У Декарта утверждение достоинства человека проводится на основе превознесения интериорности как места самодостаточности, места автономной силы разума. У авторов Нового времени достоинство — это всегда атрибут, но это уже не атрибут, полученный от Бога, а характерная черта, которой человек обладает уже по своей природе. Наконец, у Канта достоинство прямо связывается с нравственным уважением. «Можно было бы сказать, — пишет Пьер Манан, — что кантовская концепция является радикализацией и, следовательно, трансформацией христианской концепции, которая особенное развитие получила у св. Фомы Аквинского. Если, по Фоме, достоинство человека состоит в свободном повиновении естественному и божественному закону, по Канту, оно заключается в повиновении закону, который человек дает самому себе»[58]
.Достоинство, какой бы смысл ему ни приписывать, становится проблематичным, как только его полагают в качестве абсолюта. Понятно, что значит быть «достойным чего–то», если речь о той или иной вещи, но что значит быть «достойным» в себе? Чем именно является достоинство в том смысле, в каком его представляет теория прав, — правом или фактом? Качеством природы или разума? В Риме «dignitas» (достоинство) было тесно связано с отношением сравнения, необходимым, чтобы определить качества, благодаря которым некто чего–то заслуживал, то есть был чего–либо достоин. Цицерон: «Dignitas est alicujus honesta et cultu et honore et verecundia digna auctoritas»[59]
. С этой точки зрения, достоинство, очевидно, не могло представляться так, словно бы каждый обладает им в равной степени[60]. Тогда как современное достоинство — это атрибут, которого не может быть больше или меньше, поскольку это факт, характеризующий всех и каждого.
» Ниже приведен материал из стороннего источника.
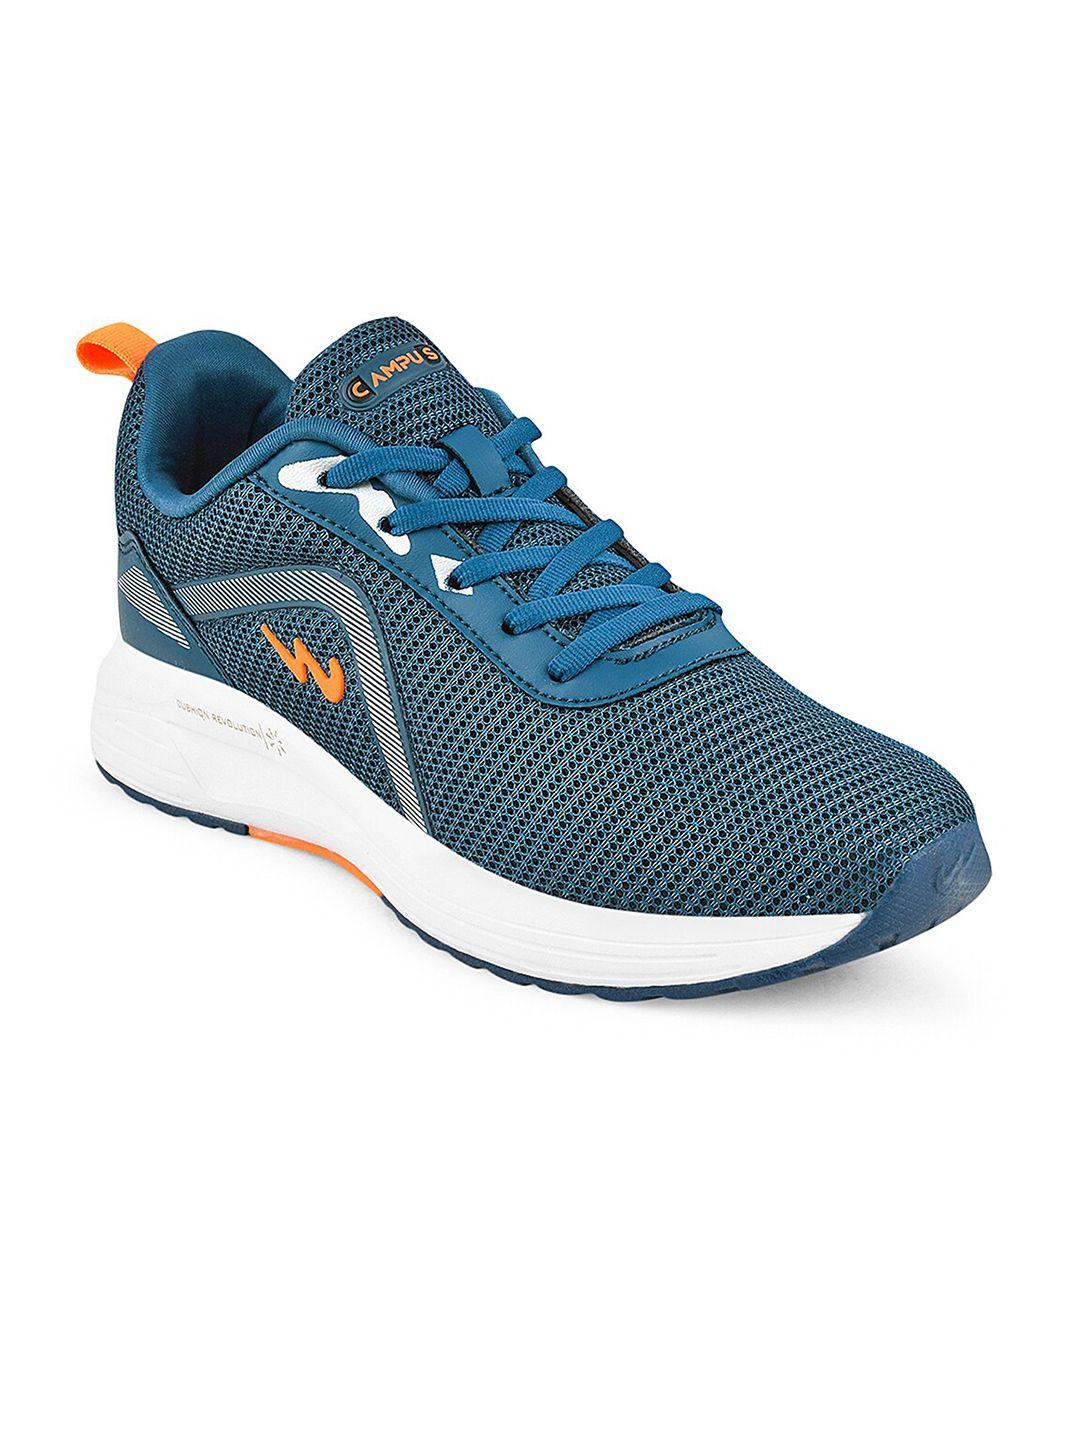 campus-men-road-running-sports-shoes

Человек, который достоин, более не противопоставляется недостойному человеку, а «достоинство человека» становится плеоназмом, поскольку именно тот факт, что ты человек, кем бы ты ни был, делает тебя достойным. Однако, если человека следует уважать за его достоинство, а последнее основывается именно его правом на уважение, тогда в рассуждении явно намечается круг[61]. Наконец, если все достойны, это все равно, что никто не достоин: признаки отличия в таком случае неизбежно приходится искать в чем–то ином.Осознавая затруднения, которые порождает легитимация прав человека природой человека, современные наследники Канта[62]
отказываются от любого когнитивистского подхода, чтобы перейти к подходу прескриптивистскому. Но в таком случае права, которые они защищают, если говорить строго, более не являются правами. Это просто моральные требования, «человеческие идеалы», которые представляют в лучшем случае лишь то, что нужно полагать в качестве прав, чтобы прийти к социальному положению, которое считается, пусть даже обоснованно, желательным или лучшим. Тогда они теряют всякую принудительную силу, поскольку идеалы сами по себе не дают нам никакого права[63].Другой способ обосновать права человека состоит в том, что они должны опираться на принадлежность к человеческому виду. Человечество тогда, как в Библии, представляется в качестве «большой семьи», все члены которой становятся братьями. Сторонники этого подхода обращают внимание на то, что все люди родственны друг другу, поскольку все они вместе принадлежат человеческому виду. Затем они утверждают, что на основе этого родства необходимо приписать им или признать за ними одни и те же права. Так, Андре Клэр предлагает обосновывать права человека не равенством или свободой, а «третьим правом» братства. В результате тотчас обезвреживается индивидуалистический заряд классической теории прав: «Если братство мыслить в связи с родством, мы вступает в новую проблематику, уже не прав человека в обычном (субъективном) смысле, а укорененности в определенной линии наследования или традиции»[64]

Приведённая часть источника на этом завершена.